Our results raise the possibility that the promotive effects of soil biota on above- and belowground competitive abilities for the invasive plant may differ and depend on the origin of soil biota. However, it is unclear about whether and how the presence of interspecific competition changes the composition of soil biota, such as fungi, bacteria and nematode, because we did not sequence and characterize their composition. Thus, we provide no evidence of the linkages between those competitor-induced changes in soil biota and the outcomes of plant-soil interactions for both native and alien species as before (Lu et al. 2018; Wang et al. 2021). Moreover, all findings of our greenhouse experiment (e.g. plant growth and effects of soil biota) may occur when grown in soils from five sites as the impact of soil sample site as a random factor was not significant, which can explain the successful invasion and high-latitude expansions of the invader A. philoxeroides in China (Lu et al. 2018). Given that results of plant-soil interactions under controlled greenhouse may be inapplicable in natural systems (Kulmatiski et al. 2008; De Long et al. 2019), further field studies are required to verify our findings for multi-pair phylogenetically related native and alien species, and to test its potential in controlling alien species and protecting native species.

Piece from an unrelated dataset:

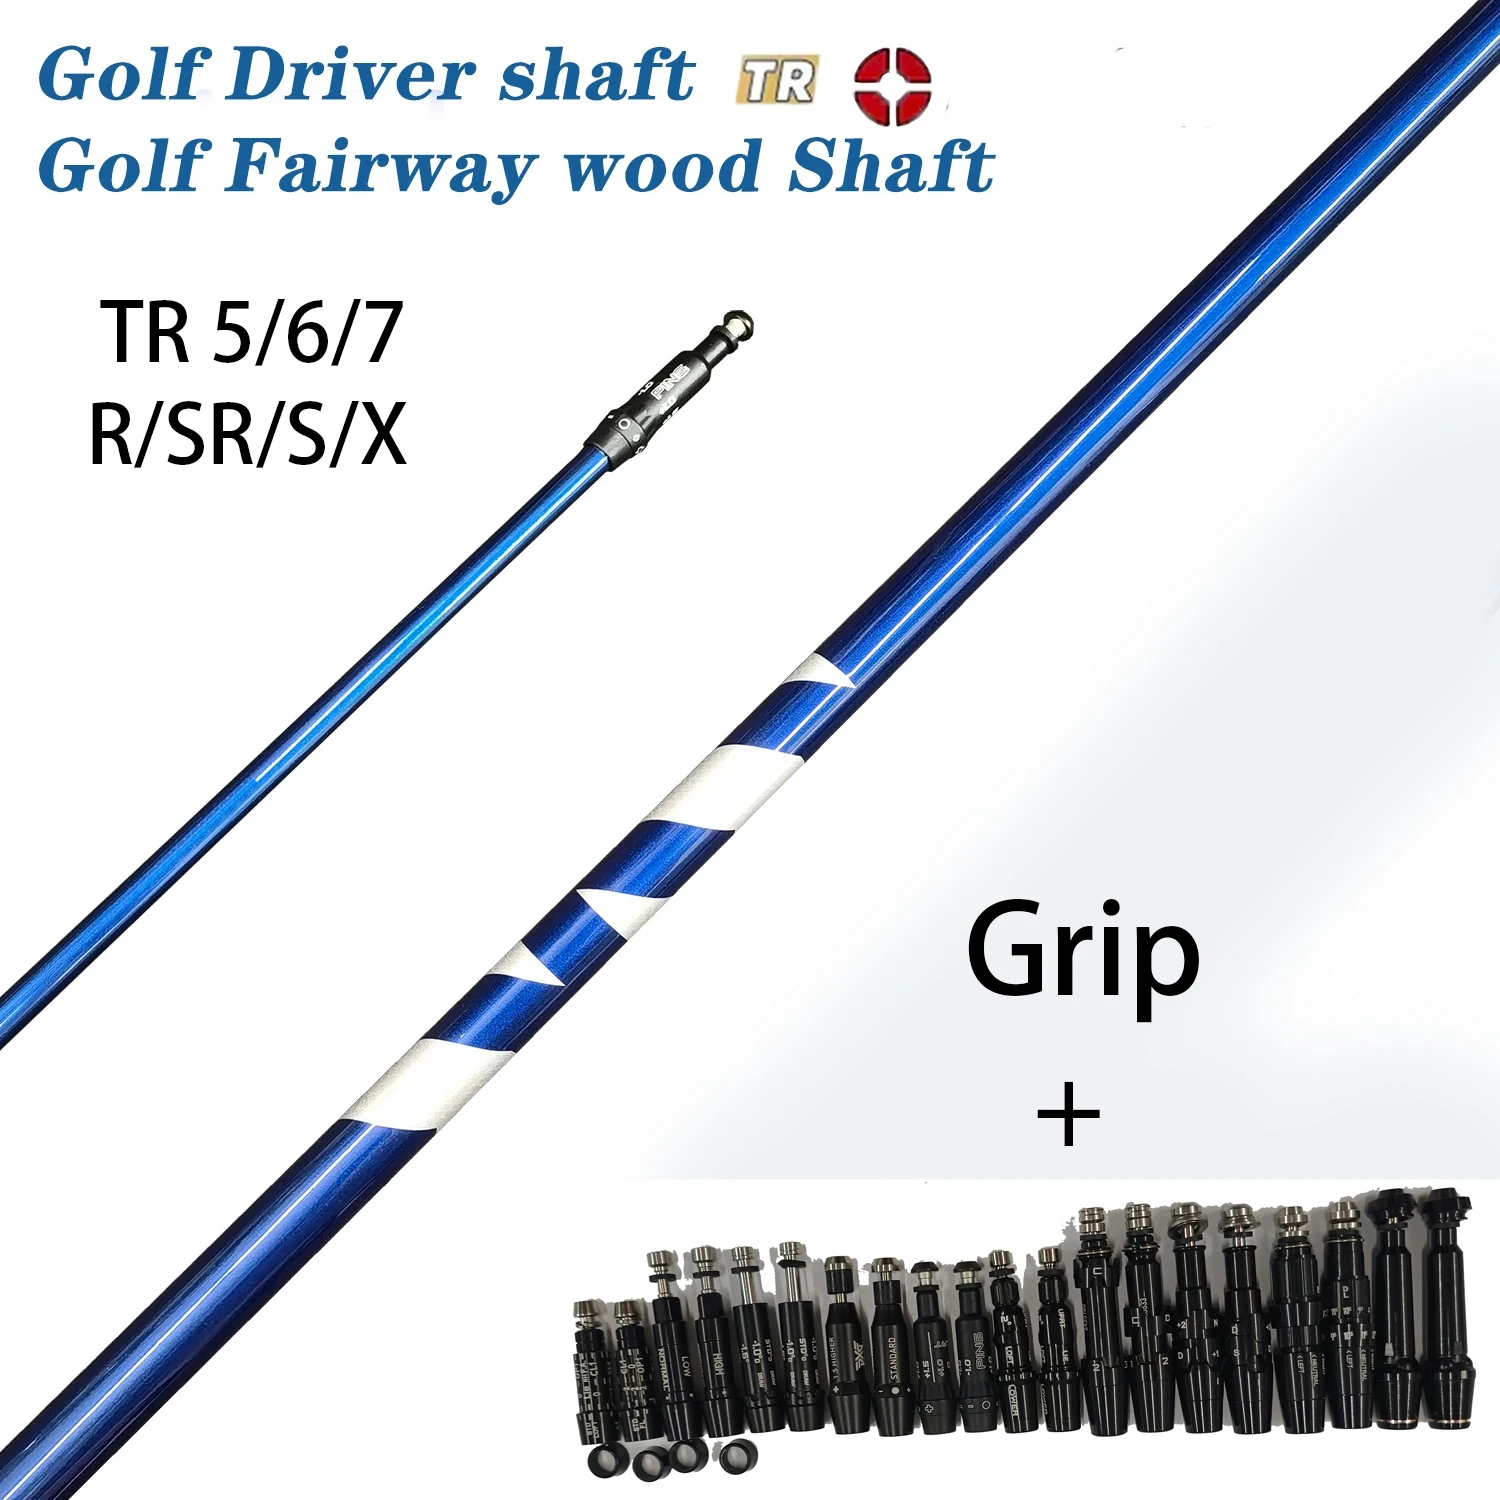 

New Golf Clubs Shaft FJ-VU TR Blue Flex 5/6/7 R/SR/S/X Graphite Shaft Driver and Wood Shafts Free Assembly Sleeve and Grip

In summary, our study shows that the presence of the invasive species can relieve the native species from negative plant-soil interactions regardless of soil origin, which in turn promotes its total and shoot growth. However, soil biota promoted root growth for the invasive species in the presence of its native congener only when planted in its home soils. Hence, the native species accumulated more total and shoot mass, but less root mass than its invasive competitor only in the presence of soil biota. These results suggest that plant shoots and roots displayed asymmetrical responses to the interactive impacts of soil biota and interspecific competition, which emphasizes the necessity of exploring plant-soil interactions from a whole-plant perspective.